Wednesday: Vacuum. Again, I try to vacuum all the bedrooms, but if I don't have time I'll just hit the main living areas. 

Thursday: Clean Surfaces. By this I mean: bathroom counters, kitchen counters, mirrors, windows, kitchen appliances, etc. You may notice a pattern here but, I don't do all of these every week. But it's pretty easy to spray and wipe, so I get to at least a few. 

Friday: Tubs & Toilets. Self-explanatory. 

Saturday: Our sabbath - no cleaning or laundry or anything. We use paper plates and I cook as little as humanly possible. 

Sunday: Maybe do some laundry, but try to keep this day low key as well, usually we have a lot of meetings and ministry responsibilities on this day. 

3. I use a planner. 

It is insane how organized you have to be to manage a house, and we don't even have a big one. For you Downton Abbey fans out there, you may wonder, "What does Hughes actually do, besides bailing out the maids and crushing on Carson?" A LOT, okay? A WHOLE LOT. 

A planner has been a huge help, and I use a paper planner because writing things down cements them into my head. My to-do list, appointments, meetings, etc. It's been a life-saver. 

These are the ways I have been adulting lately, and I've noticed an increased amount of steadiness and peace in our home. 

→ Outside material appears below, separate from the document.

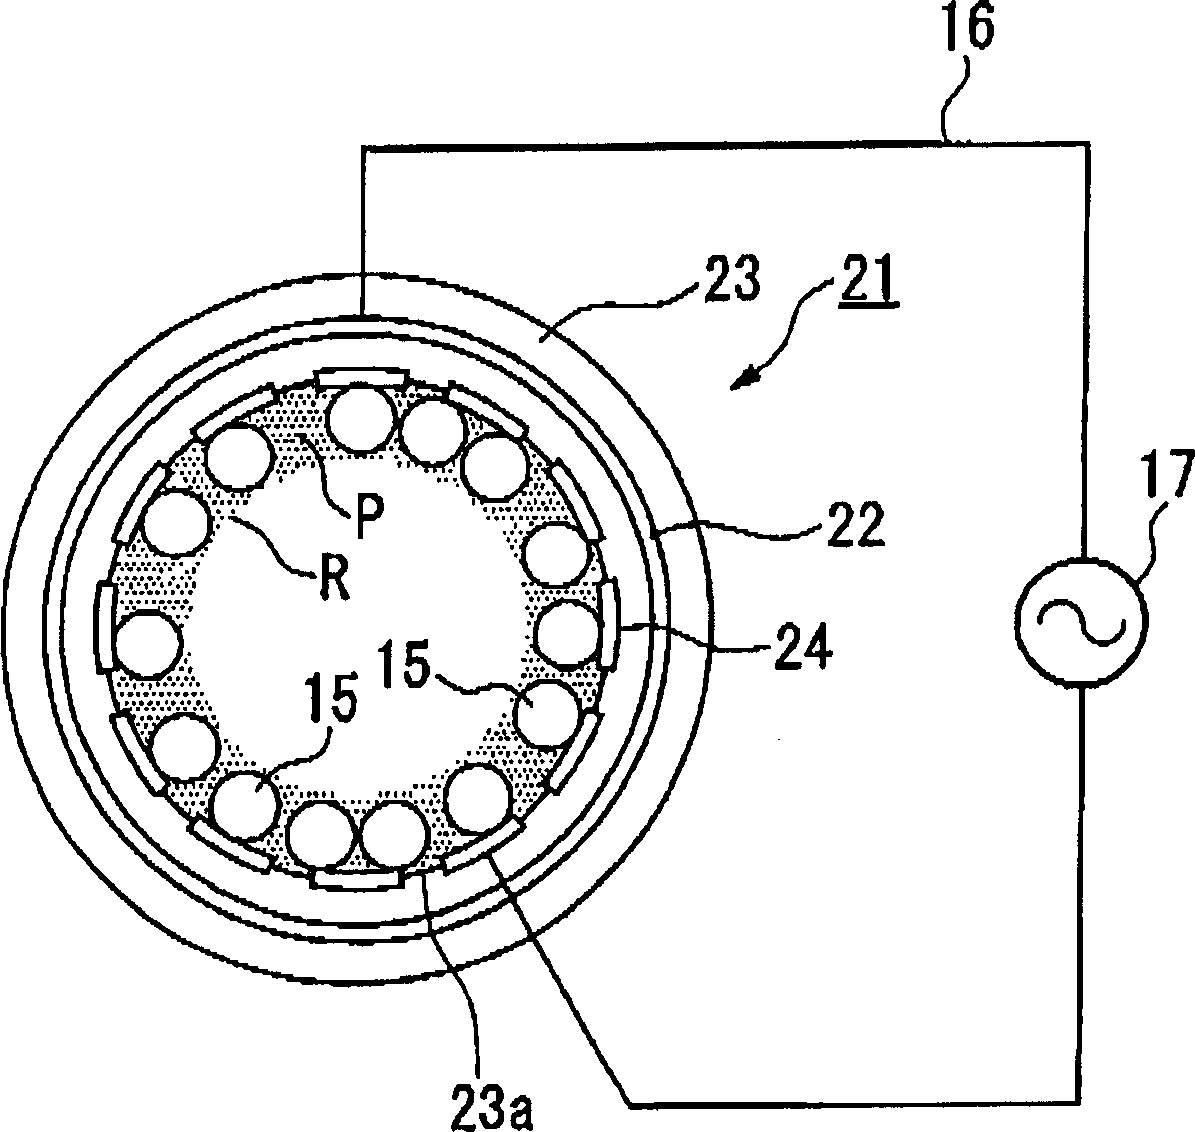 Method and apparatus for gas treatment using non-equilibrium plasma

My mother-in-law once told me that it took her about five years of full-time stay-at-home management before she got the hang of it. This comforted me inexplicably. I've been doing it for almost three and a half, and still haven't figured out how to schedule doctors and dentist appointments for Kyle and I, but I have figured out how to keep my house from eating all of us alive... so it's a work in progress.

Any epiphanies you've had about how to be an adult? Please share! (And understand that I will likely steal it for my own life.)